In summary, diversification allows Ram to grow by capitalising on proven domestic trends and supportive policies, without taking on the excessive financial and regulatory risks associated with exporting or automation at this juncture.

Qno. 3:  Recommended Government Reforms to Support Small Rural Industries

To truly empower entrepreneurs like Ram, the government needs targeted reforms in three key areas:

a) Industrial Policy Reforms:

  • Simplify Bureaucracy: Create a single-window system specifically for SMEs to apply for concessional loans, grants, and registrations. This would drastically reduce the time and complexity Ram faces in accessing support.
  • Skill Development Programs: Partner with local colleges or NGOs to launch vocational training programs in machine operation, food safety (like HACCP), and quality control in rural areas. This would create a pool of skilled labour for businesses like Ram's, making local jobs more attractive.

b) Trade Policy Reforms:

  • Export Facilitation Centres: Establish government-supported centres that provide subsidised testing and certification services to help small businesses meet international SPS requirements. This would lower the biggest barrier to export for businesses like Ram's.
  • Import Substitution Incentives: Offer tax breaks or subsidies on locally manufactured packaging materials and simple machinery. This would reduce the import dependence of businesses like Ram's and protect them from foreign exchange volatility.

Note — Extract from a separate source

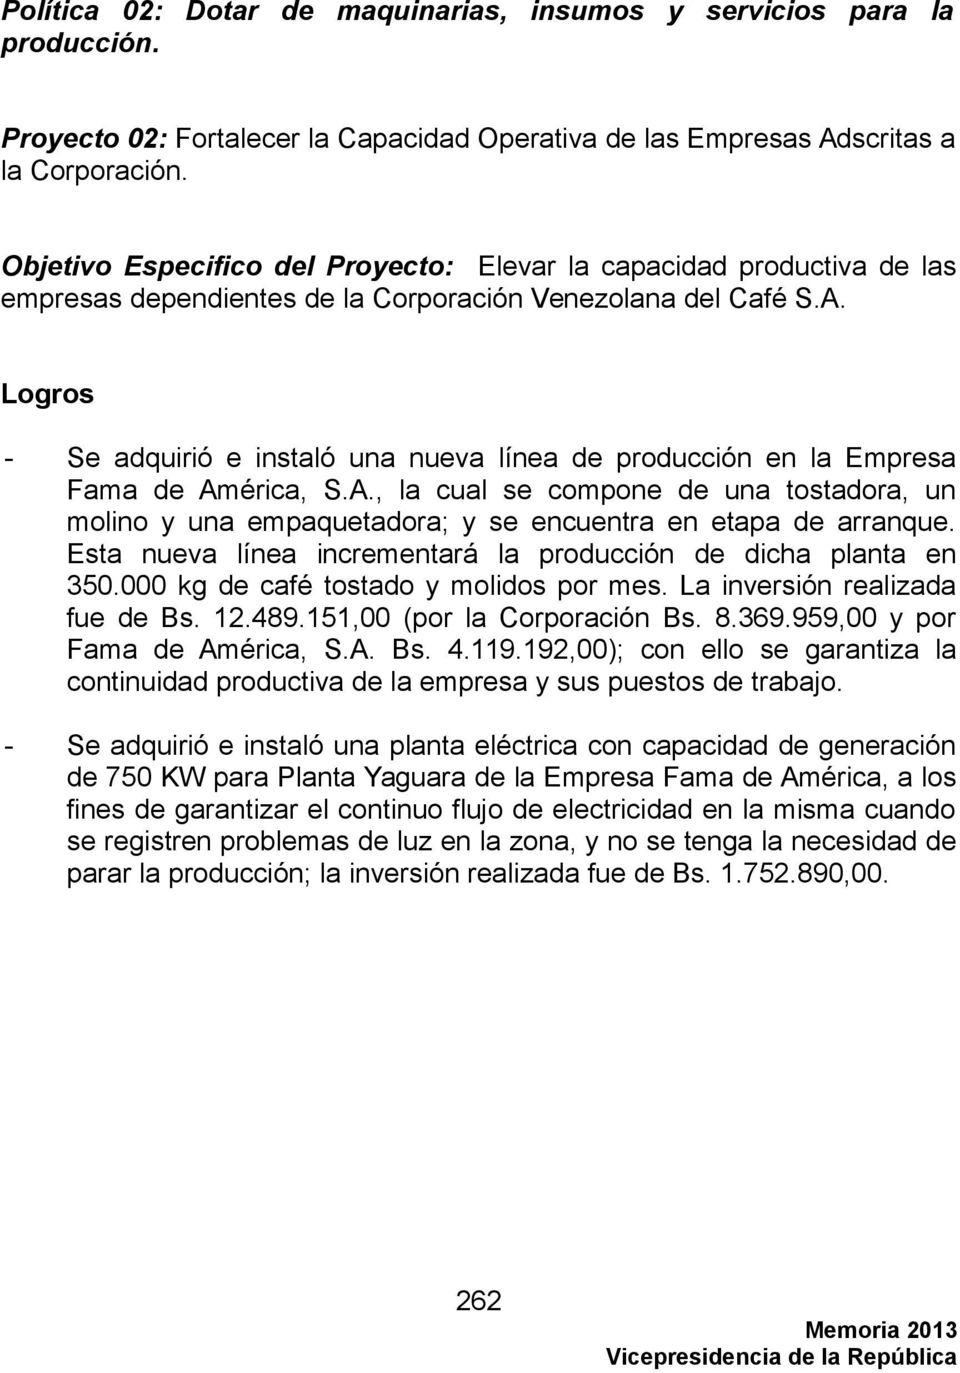 Logros - Se adquirió e instaló una nueva línea de producción en la Empresa Fama de América, S.A., la cual se compone de una tostadora, un molino y una empaquetadora; y se encuentra en etapa de arranque.

c) Infrastructure Reforms:

  • Reliable Energy Access: Prioritise industrial estates in rural areas with guaranteed electricity supply through dedicated feeders or promote subsidised solar power installations for SMEs to overcome power cuts.
  • Improve Rural Connectivity: Accelerate road improvement projects linking production hubs (like Lamjung) to major urban markets (like Pokhara and Kathmandu). This directly reduces transportation time and cost.
  • Invest in Shared Infrastructure: Build community cold storage facilities in agro-processing zones. Farmers and small processors like Ram could rent space at affordable rates, reducing post-harvest losses and enabling them to diversify into perishable goods.

By implementing these specific reforms, the government could create a far more enabling environment where small rural businesses can thrive, create local employment, and contribute meaningfully to the national economy.